Marguerite A. Mergehenn, a music teacher, vocalist and pianist, died in her sleep Tuesday at the Charlestown Retirement Community in Catonsville. She was 97.
She played musical accompaniment for silent movies during the 1920s, sang on WBAL-Radio in the 1930s and, at the end of her life, performed with the Charles Tones Band at Charlestown.
Mrs.

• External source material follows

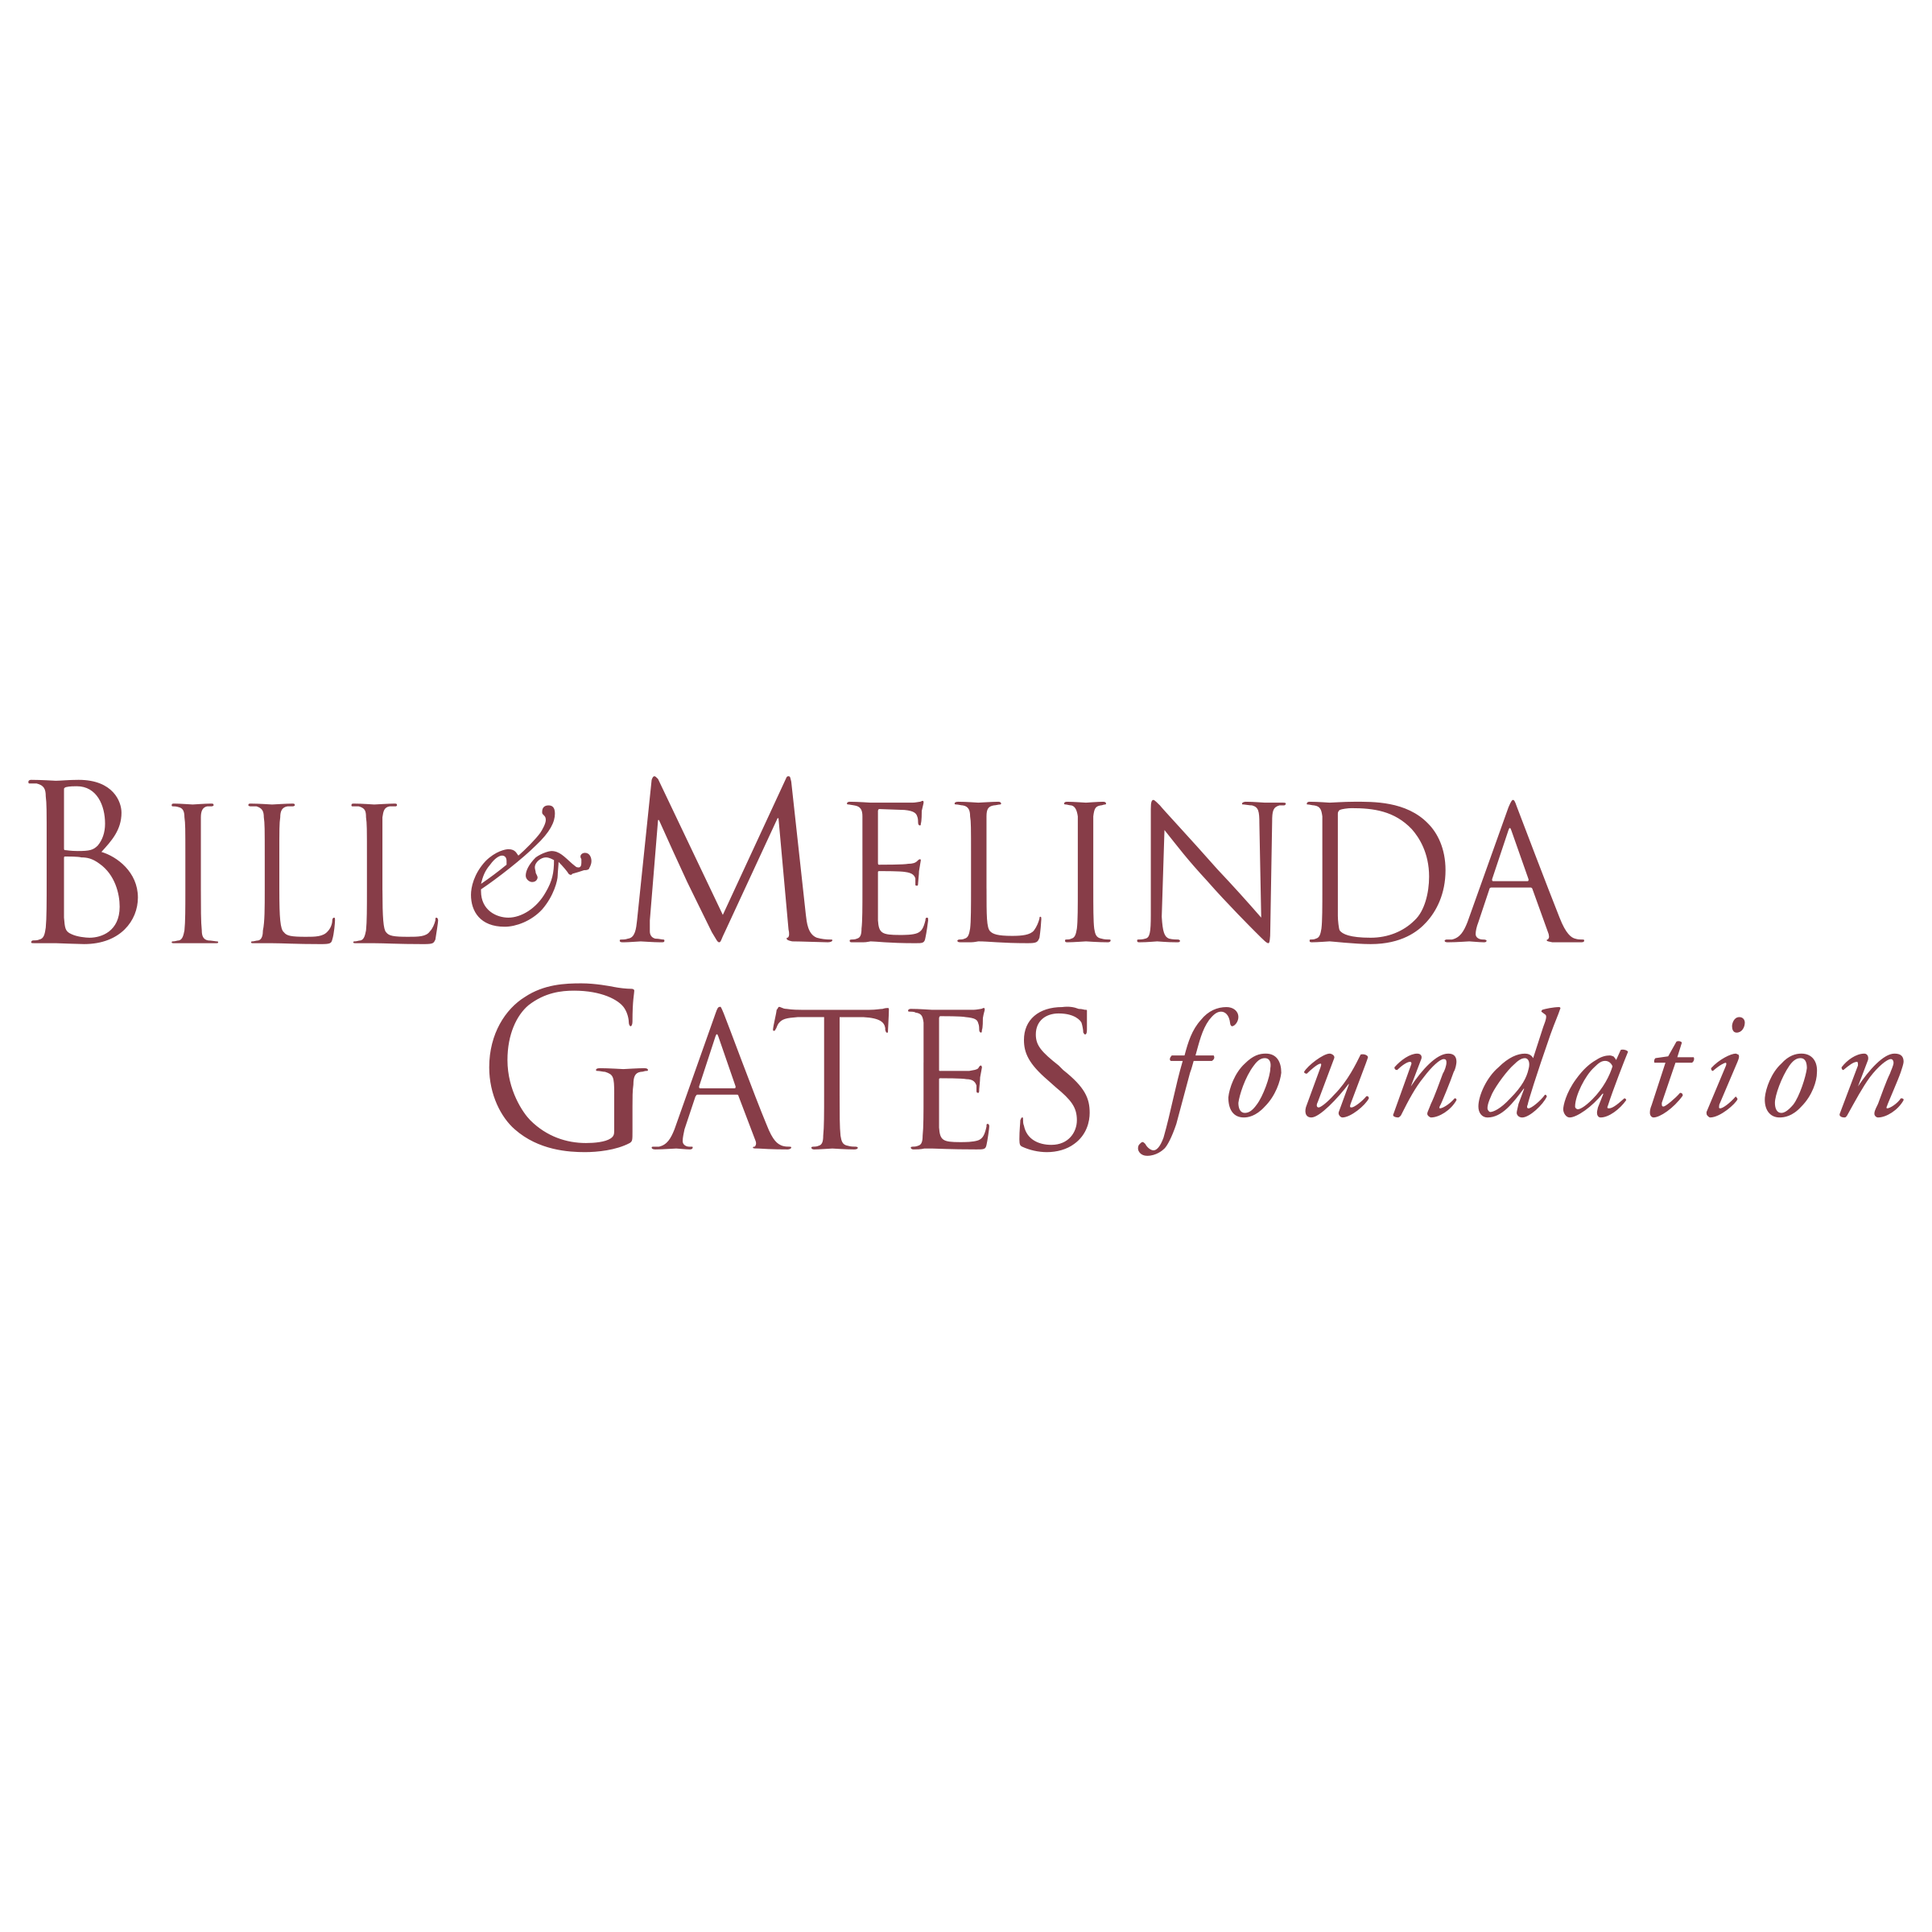 Bill Melinda Gates Foundation Logo Png Transparent

Mergehenn taught piano and voice for 50 years, beginning in 1946 in a studio in her Hunting Ridge home, and later in Catonsville, where she moved in 1955.

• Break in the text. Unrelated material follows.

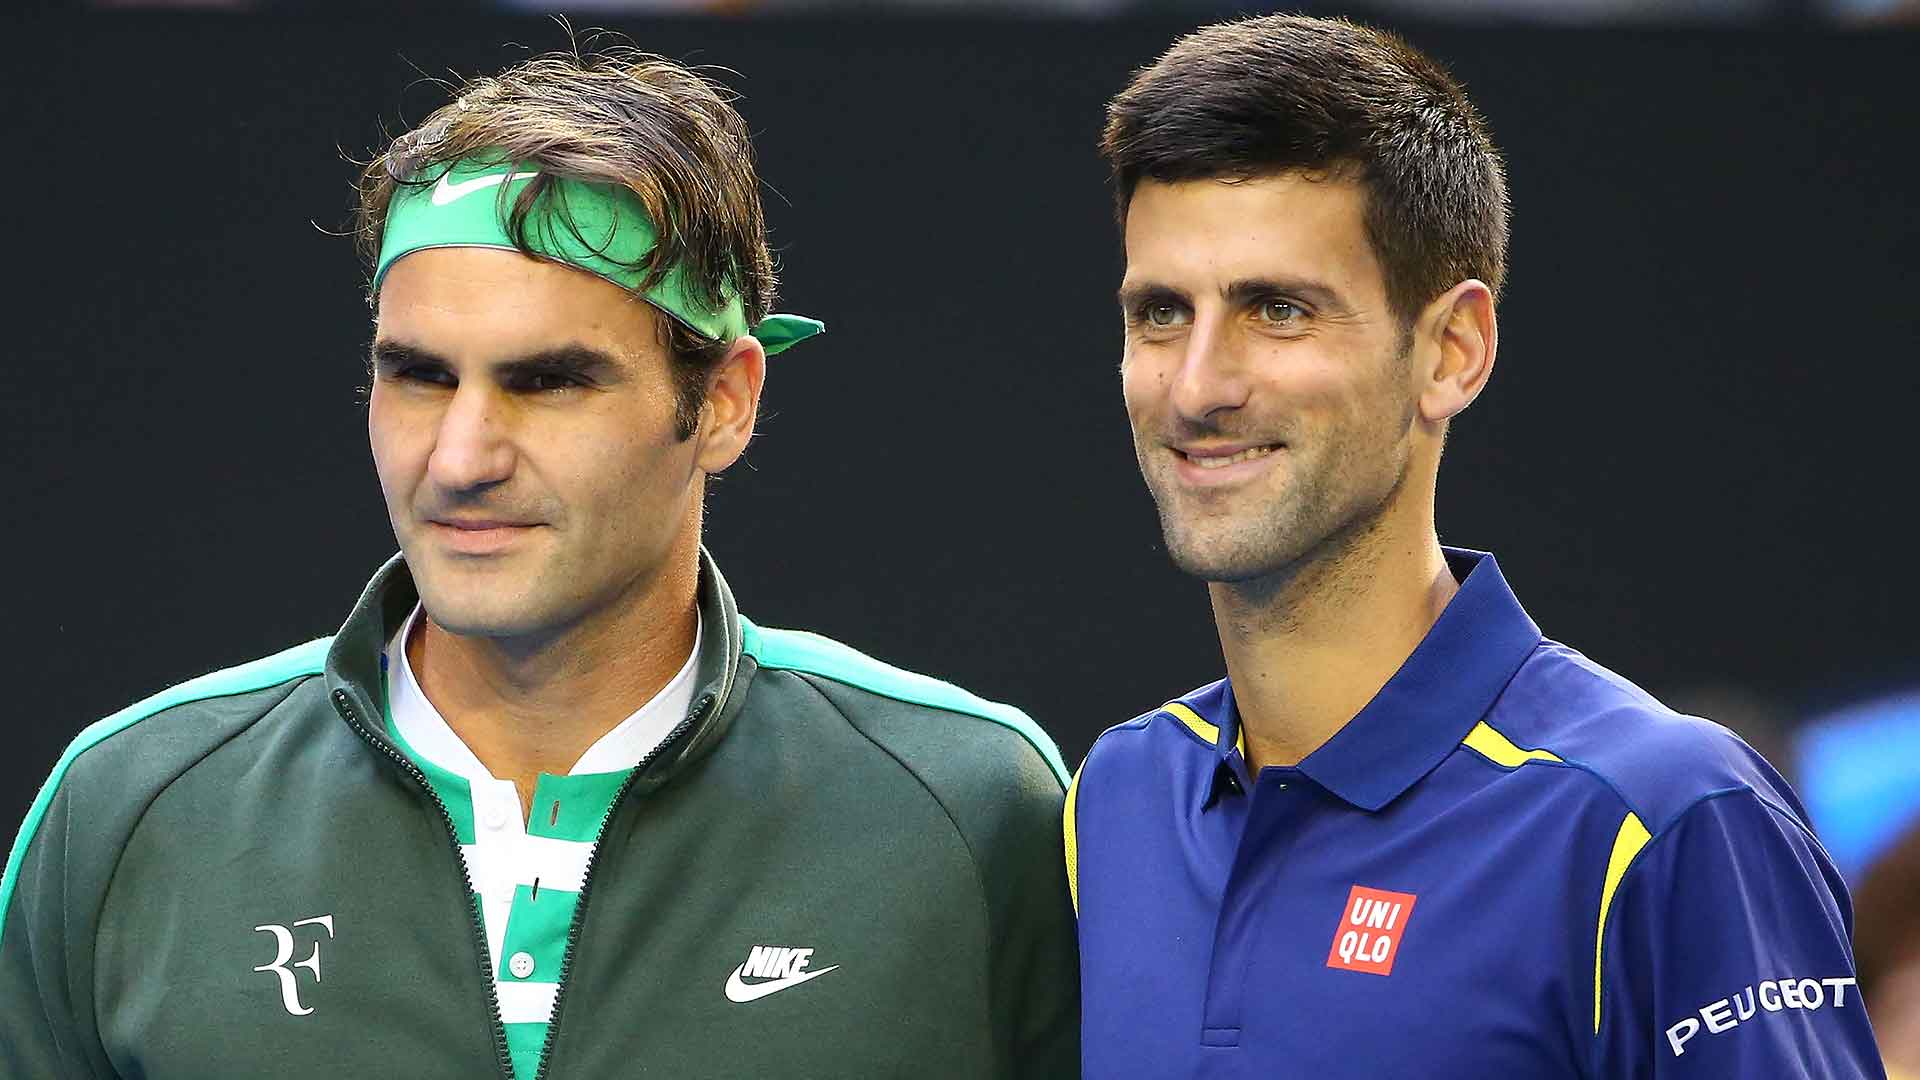 Roger Federer and Novak Djokovic, 2016 Australian Open

She was married in 1933 to Adolph Mergehenn, owner of a surgical appliance business, who died in 1996.
For many years, she maintained a second-floor studio in the 300 block of N. Charles St., where she also instructed music students.
She taught music to Boys' Latin School students at the private school's old Brevard Street campus in downtown Baltimore from 1954 to 1958.
In addition to private students, she taught music and elementary school students in Baltimore public schools from 1925 to 1935, and then in Howard County Public Schools from 1958 until her retirement in 1969.
Marguerite Anger was born in Baltimore and reared on Fort Avenue in Locust Point, the daughter of a grocer and homemaker.
After graduation from Western High School in 1923, she earned a teaching degree from the old Towson State Normal School, now Towson University, in 1925. In 1933, she earned a degree in music from Peabody Conservatory of Music.
A coloratura soprano -- whose voice was described by a critic as being of an "agreeable lyric quality, cool and pure in color" -- Mrs. Mergehenn also studied at the Juilliard School of Music in New York, and in Mondsee, Austria.
During the 1920s, she made extra money playing piano in Baltimore movie houses accompanying silent movies.
"She looked at the screen and decided what to play. If she saw horses, she played fast. If she looked up and saw a love scene, then she played real slow," said her daughter, Charlotte M. Carter of McLean, Va.
During the 1930s, she performed roles in the Vagabond Theatre's productions of Franz Schubert's Rosamunde and Franz Von Suppe's comic opera The Lovely Galatea.
In The Lovely Galatea, newspapers reported that in the "course of the famous 'kiss duet,'" Mrs. Mergehenn and her leading man "osculate ten times each evening, making 50 -- count 'em -- kisses for the week."
During the 1930s, she was a staff soloist and appeared regularly on WBAL-Radio's Dinner Table, earning the sobriquet "Princess of Song."
She also was a featured singer on Time for Romance, a coast-to-coast network radio show broadcast from Baltimore, whose orchestra was under the direction Ruffino Iula, a well-known local bandleader.
Through the years, Mrs. Mergehenn directed the Rustless Iron and Steel Corp. Glee Club and the Lutheran Hospital Nurses Glee Club. She was soprano soloist and music director of Trinity Methodist Church in Northwest Baltimore for 17 years.
Mrs. Mergehenn, a woman of medium build with a full head of red hair, was also known for her stylish way of dressing.
When she moved to Charlestown in 1995, she brought her baby grand piano and continued to give lessons to friends and relatives.
At the retirement home, she joined the Charles Tones, a band that gave a monthly concert for residents.
She was an active member for many years of St. John's United Church of Christ, 1000 S. Rolling Road, where a memorial service will be held at 3 p.m. June 29.
In addition to her daughter, she is survived by a son, Richard P. Mergehenn of Ellicott City; five grandchildren; and nine great-grandchildren.